There's nothing as iconic as E=mc^2, but what a fun question! Here are some ideas.
- How about the minimal ANSI C program "int main(int argc, char argv) {return 0;}"?
- You could look up the code designed by Ada Augusta, Countless Lovelace. It's much like a spreadsheet.
- A few code snippets are of historical interest in that they have unfortunately caused satellites to fall out of orbit.
- Some code snippets have been used as email signatures for political reasons, such as short implementations of RSA or DeCSS.
- David A. Wheeler's website has a nice rundown of modern history's important software innovations, but only a couple of those, like RSA, can be implemented in a few (appropriately) cryptic lines.
- There are a number of mathematical algorithms of interest, such as the Euclidean algorithm for greatest common divisor (GCD) and the Newton or Newton-Raphson method.
- Some modern fundamental algorithms such as binary search and quicksort are compact.
- You might like some variant of "the computus", the formula for calculating the date of Easter. It bores me, but I enjoy the similar Zeller's congruence.
- The movie "The Social Network" features something like the tf-idf formula and the movie "A Beautiful Mind" features Nash equilibrium.

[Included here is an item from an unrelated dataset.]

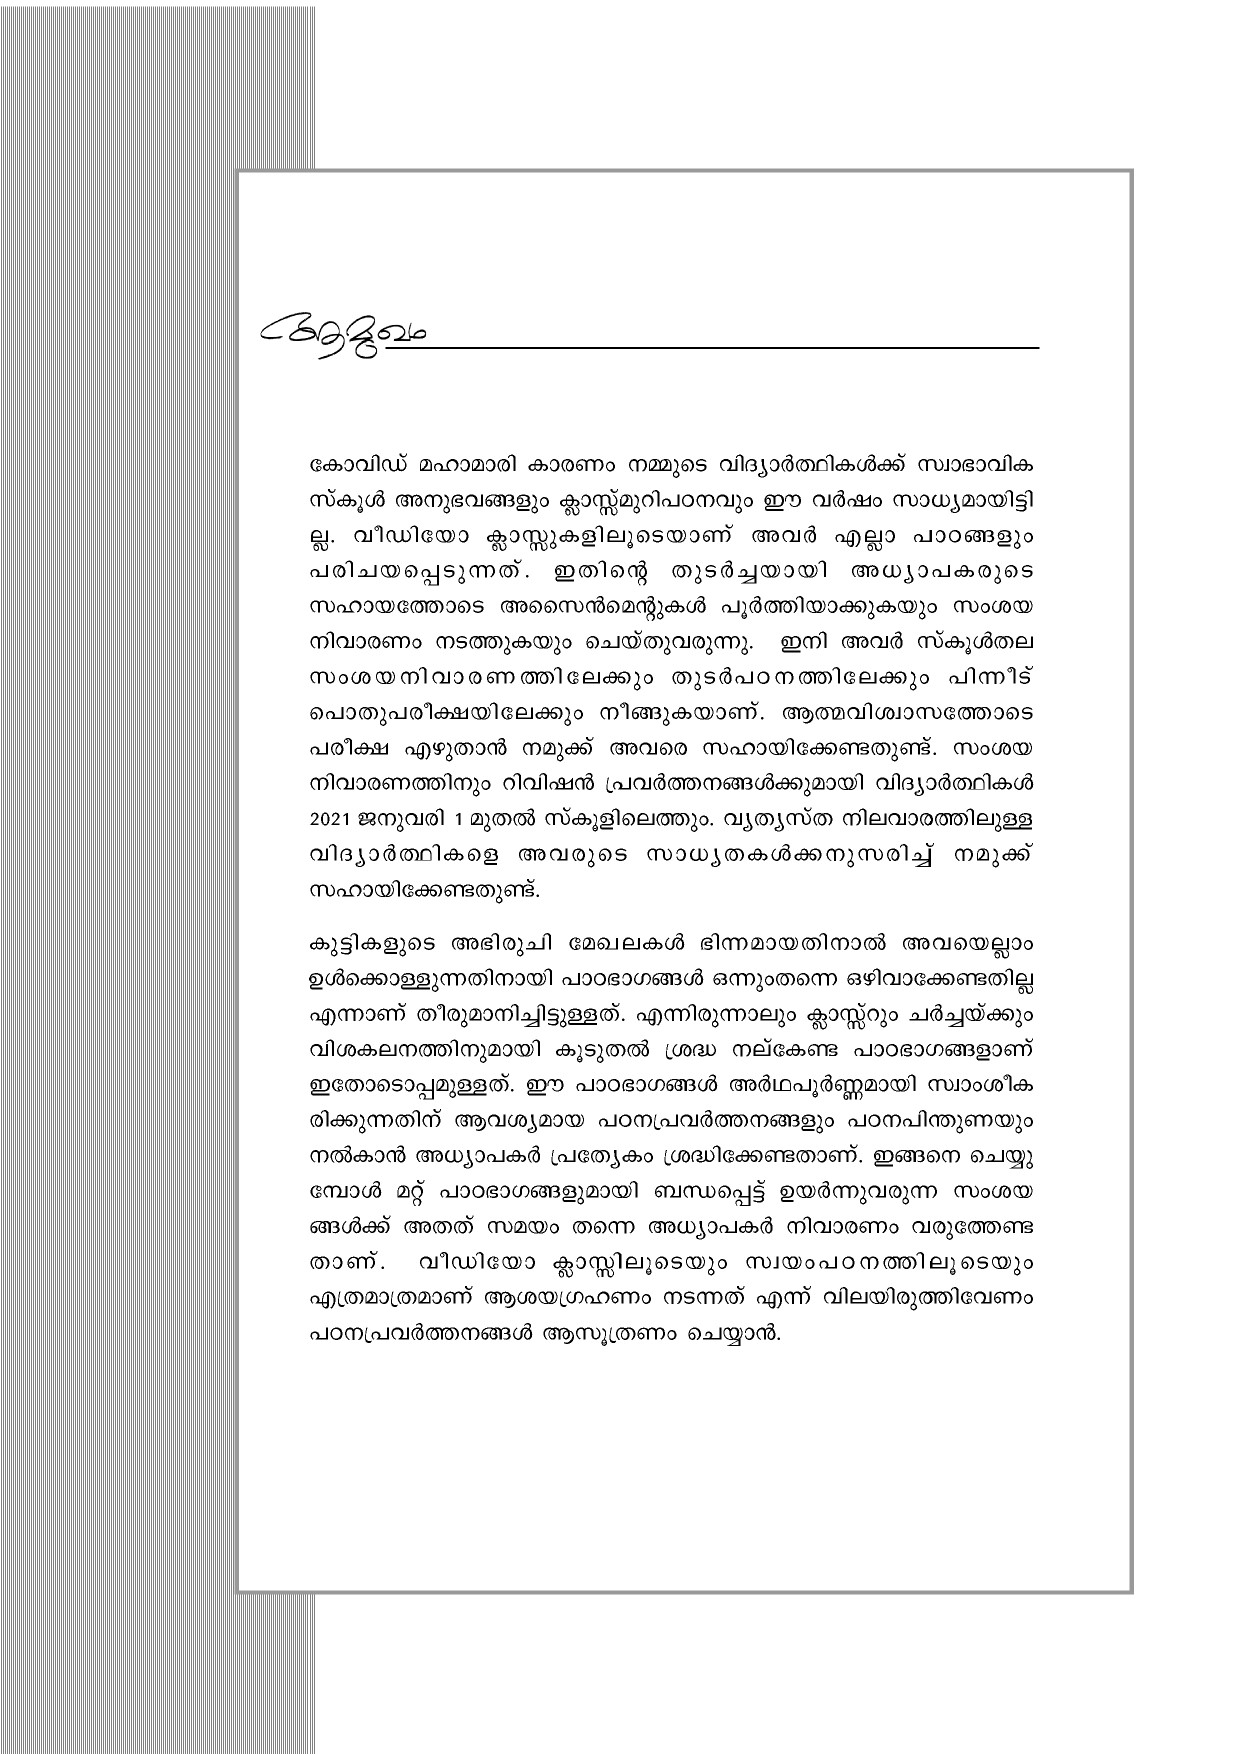 Kerala SSLC 2021 Focus Area - Notification Image 2

- The Ackermann function is fun, being a brief and notably slow formula for practically all arithmetic. Going the other way around you get Peano axioms and perhaps computations with Church numerals.
- A grammar for the lambda calculus can be three simple lines.
- Our gracious host in "The Roots of Lisp" states Lisp "eval" somewhat briefly, based on McCarthy's original, which Alan Kay called "Maxwell's equations of software".
- The truth table for NAND is a nice little graphic and the NAND function happens to be sufficient to implement all Boolean functions.
Now we could start to get into other diagrams from computer science and software engineering, but that's a vast area and you didn't actually ask for it.